Андрей Тарковский: ускользающее таинство

22
18
20
22
24
26
28
30
3

Как известно, Тарковский был длительно взволнован «Смертью Ивана Ильича» Толстого, указав эту повесть в известной анкете 1974 года в числе двух своих любимейших произведений русской прозы. И даже много позднее он несколько лет вынашивал идею снять фильм по этой повести.[93] Фильм целиком о смерти, точнее – об умирании, ведь собственно сюжета в повести нет, она подобна эссе. Но это вполне в стилистике позднего Тарковского, где важнее всего атмосфера. Почему эта вещь была у Тарковского любимейшей – особый разговор, здесь же скажу только о главной, действительно поразительной, мысли повести: даже простое, но ясное и взволнованное осознание ложно прожитой жизни (даже за два часа до смерти) приносит умирающему внезапный катарсис – черный ужас смерти внезапно отступает и человек уходит в свет.

Стоит ли говорить, что герои Тарковского, равно и герои Брессона, безразличны к тому, какое впечатление они производят на людей; они ассистируют невидимому Присутствию, а точнее говоря – они движутся к этому свету в себе. Движение их таково, что совсем не случайно главенствующий герой Тарковского назван им Сталкером – то есть проводником в ту «зону», где небесное вполне реально контактирует с тленно-материальным земным. Сталкер у Тарковского – человек, выслеживающий свою собственную сущность, скрывающуюся за множеством заглушек, имитаций и симуляций.

Но, кстати, таков же сталкер и у Карлоса Кастанеды: охотящийся за своей собственной силой, которая частенько называется в эпопее духом. (Дух как вполне реальная энергетическая сила человека, связывающая его с бесконечными возможностями инобытия). Духа человек касается, лишь оперируя силой своего безмолвного знания, знания, в котором нет ни слов, ни мыслей, но есть знание на уровне сердечно-ментальной интуиции. Таков кюре.[94]

В ленте Брессона герой не делает и малейшего движения оправдаться, когда его обвиняют то в одном, то в другом, хотя все «козыри» у него на руках: кажимость ему безразлична. И в этом он подобен Сталкеру, Доменико, Горчакову, Александру. Всем им «мирская логика» шьет ту или иную вину, все они подозреваемы в той или иной «низости». Однако они заняты чем-то неизмеримо более важным, нежели забота о мнительно-воображаемой безупречности своего образа. И потому в ответ на волны мирской агрессии – молчание, белый лист. Молчание кюре, молчание Жанны де Арк, молчание Рублева, молчание Хари, Сталкера, Доменико, молчание Горчакова, внимательно всматривающегося и вслушивающегося в волхвующее существо якобы Небытия, в которое он медленно-медленно уходит.

«В чем же они меня обвиняют? – спрашивает однажды в приступе кратковременного отчаяния молодой кюре своего каноника.

– В том, что вы такой как есть, – отвечает он. – И с этим ничего не поделаешь. Чего же вы хотите, люди не выносят вашей простоты, они защищаются от нее, ведь их сжигает вполне заурядный огонь».

В чем же суть его пугающей людей простоты? Не в том ли, что он отсекает всё лишнее и призывает всех вокруг последовать его примеру?

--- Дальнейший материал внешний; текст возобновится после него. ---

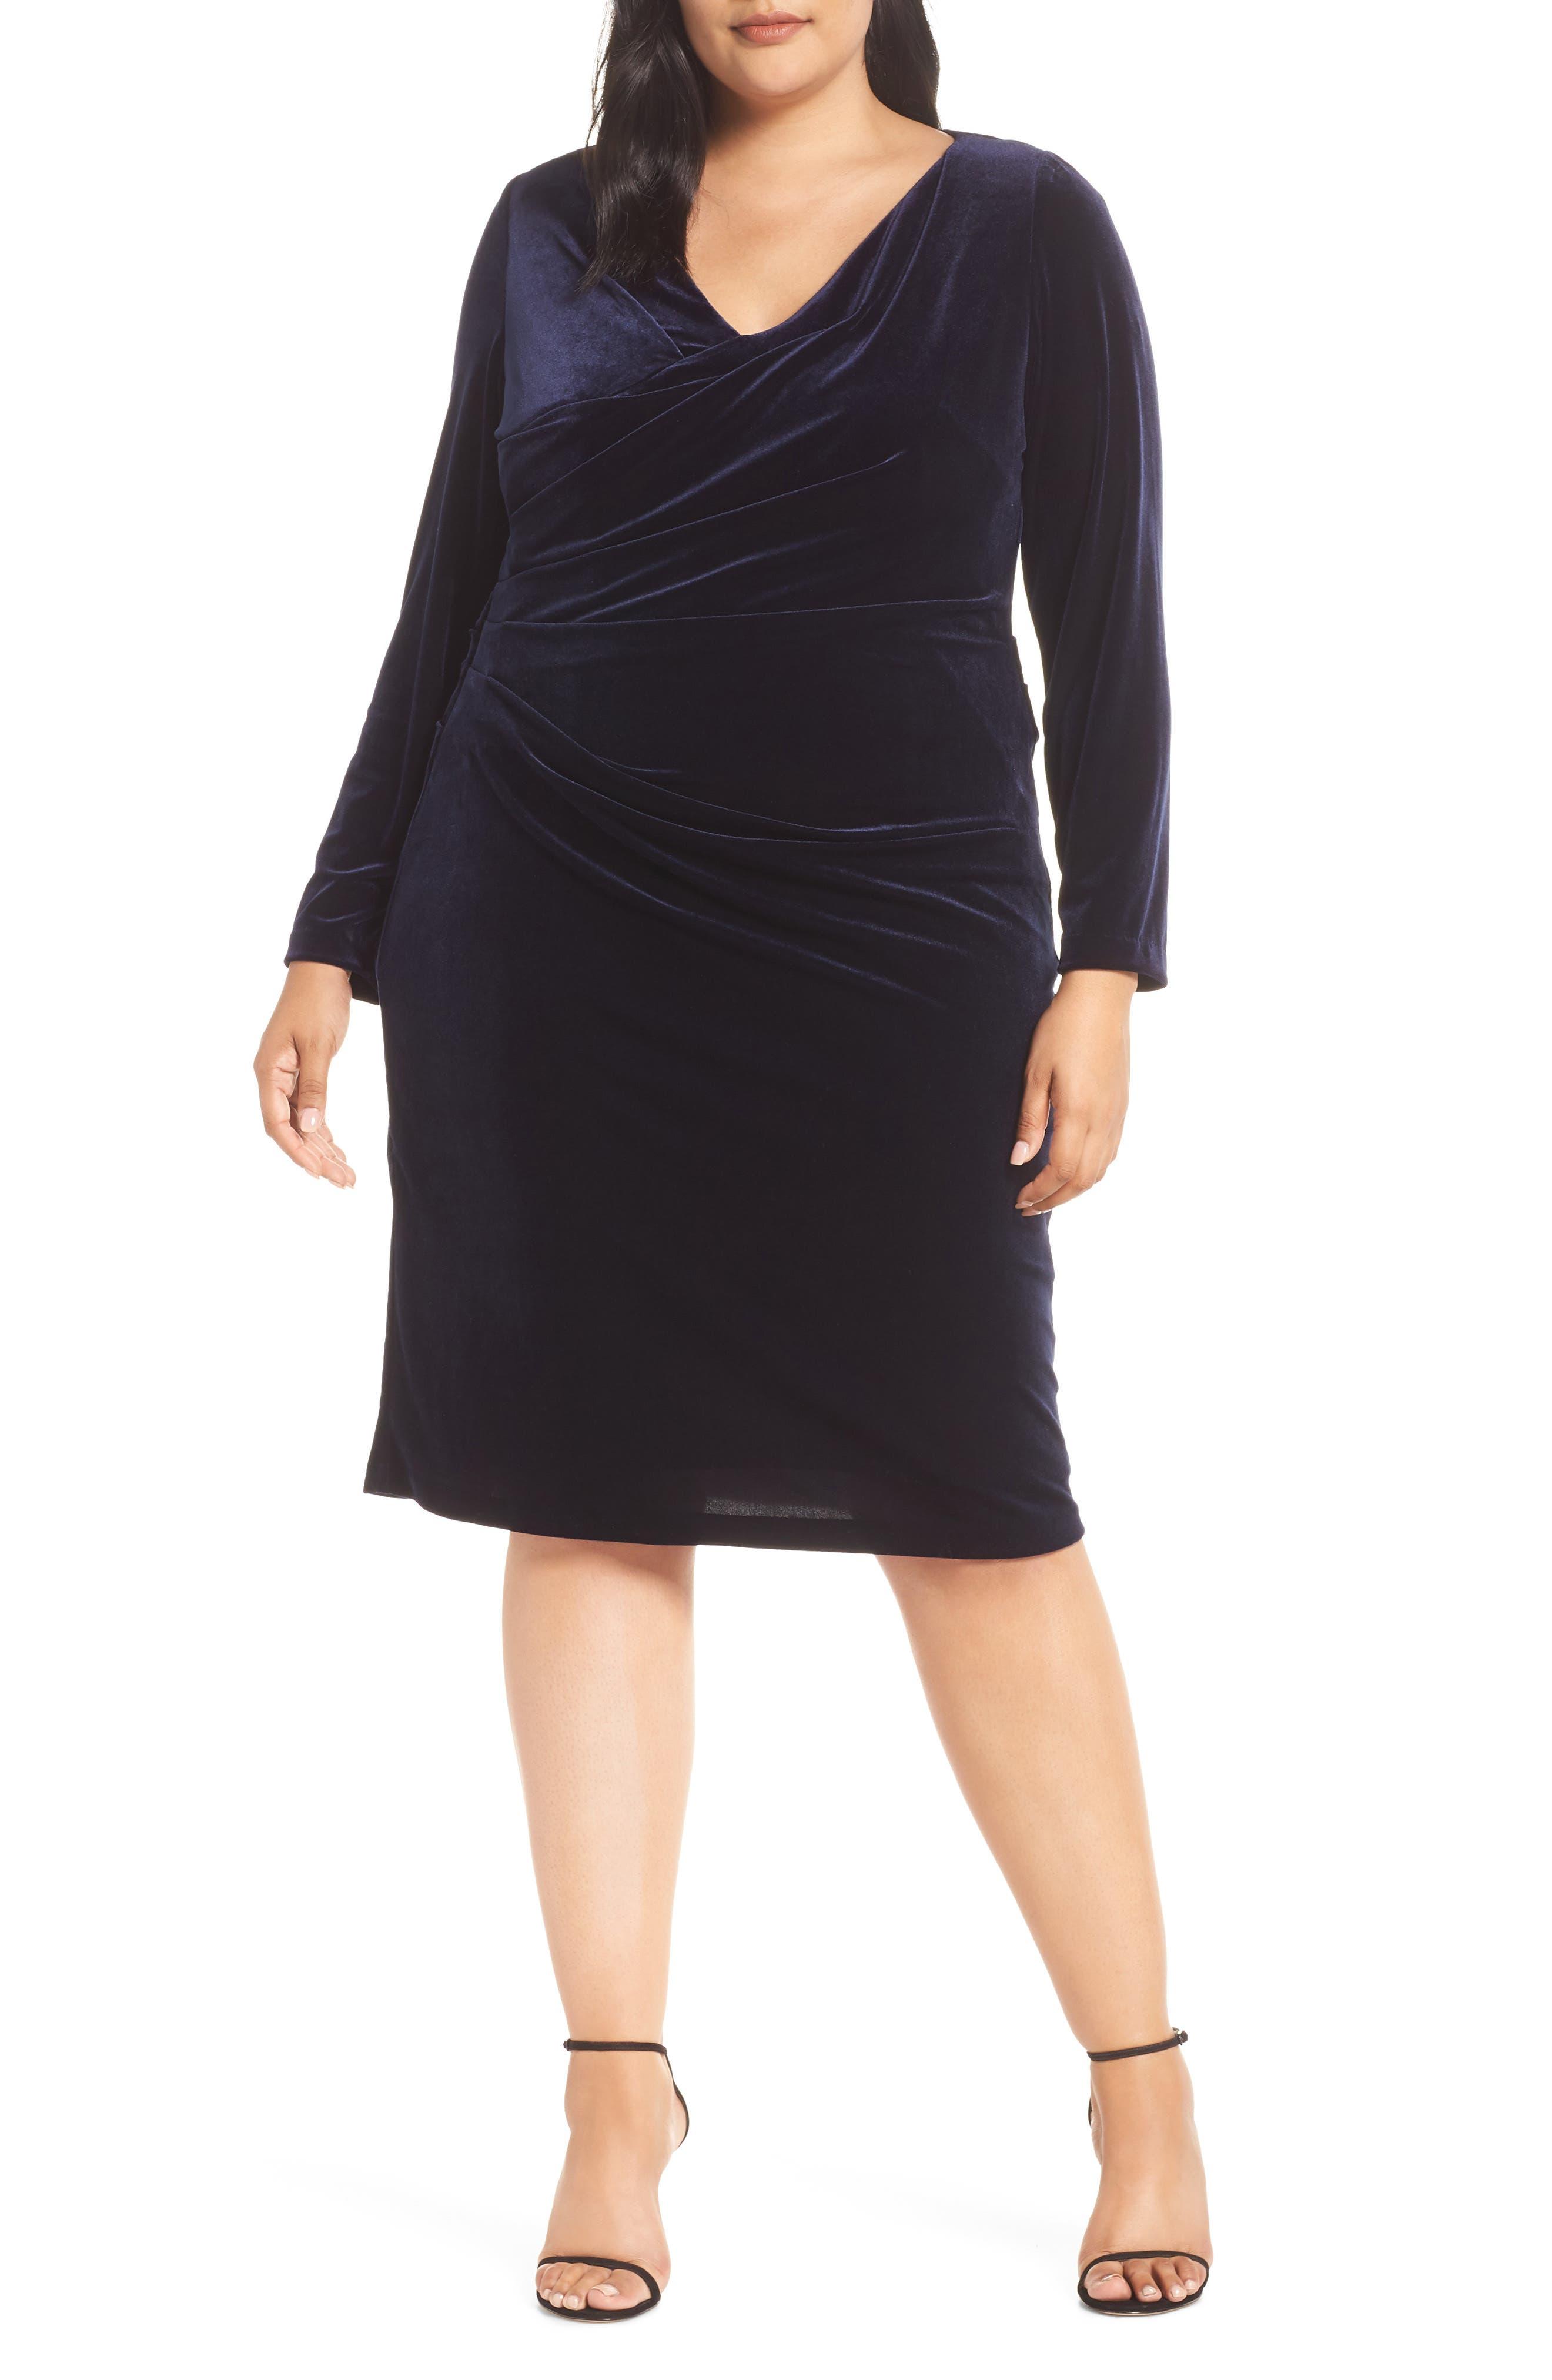 VINCE CAMUTO, Midi Dress, Main thumbnail 1, color, 410

Фильм Брессона трогает этим едва ли не слепком с «ментальной фигуры» самого Тарковского. Вплоть до физиогномического сходства с неактером (моделью), неиграющим эту роль. Та же простота и истовость. Та же физическая уязвимость и хрупкость, та же неустанность преодоления тяжелейшей болезни в ежедневном стоическом «самоиспытании», которое для него даже и без болезни фактически синонимично жизни. То же понимание нашей изначальной несвободы, ибо внутренний долг обрекает нас отнюдь не на счастье в мирском смысле этого слова.

4

Вспоминается один из эпизодов в разговоре Тарковского с польским филологом Болеславом Эдельхайтом уже после съемок «Жертвоприношения». Совершенно неожиданно для Эдельхайта Тарковский вдруг заявляет: «Взгляните на карту мира. Россия – единственное место, где действительно что-то происходит. Это – тигель, где постоянно «кипят» различные силы…» (А до этого он говорил о смертельной важности пробуждения в людях «религиозного чувства»).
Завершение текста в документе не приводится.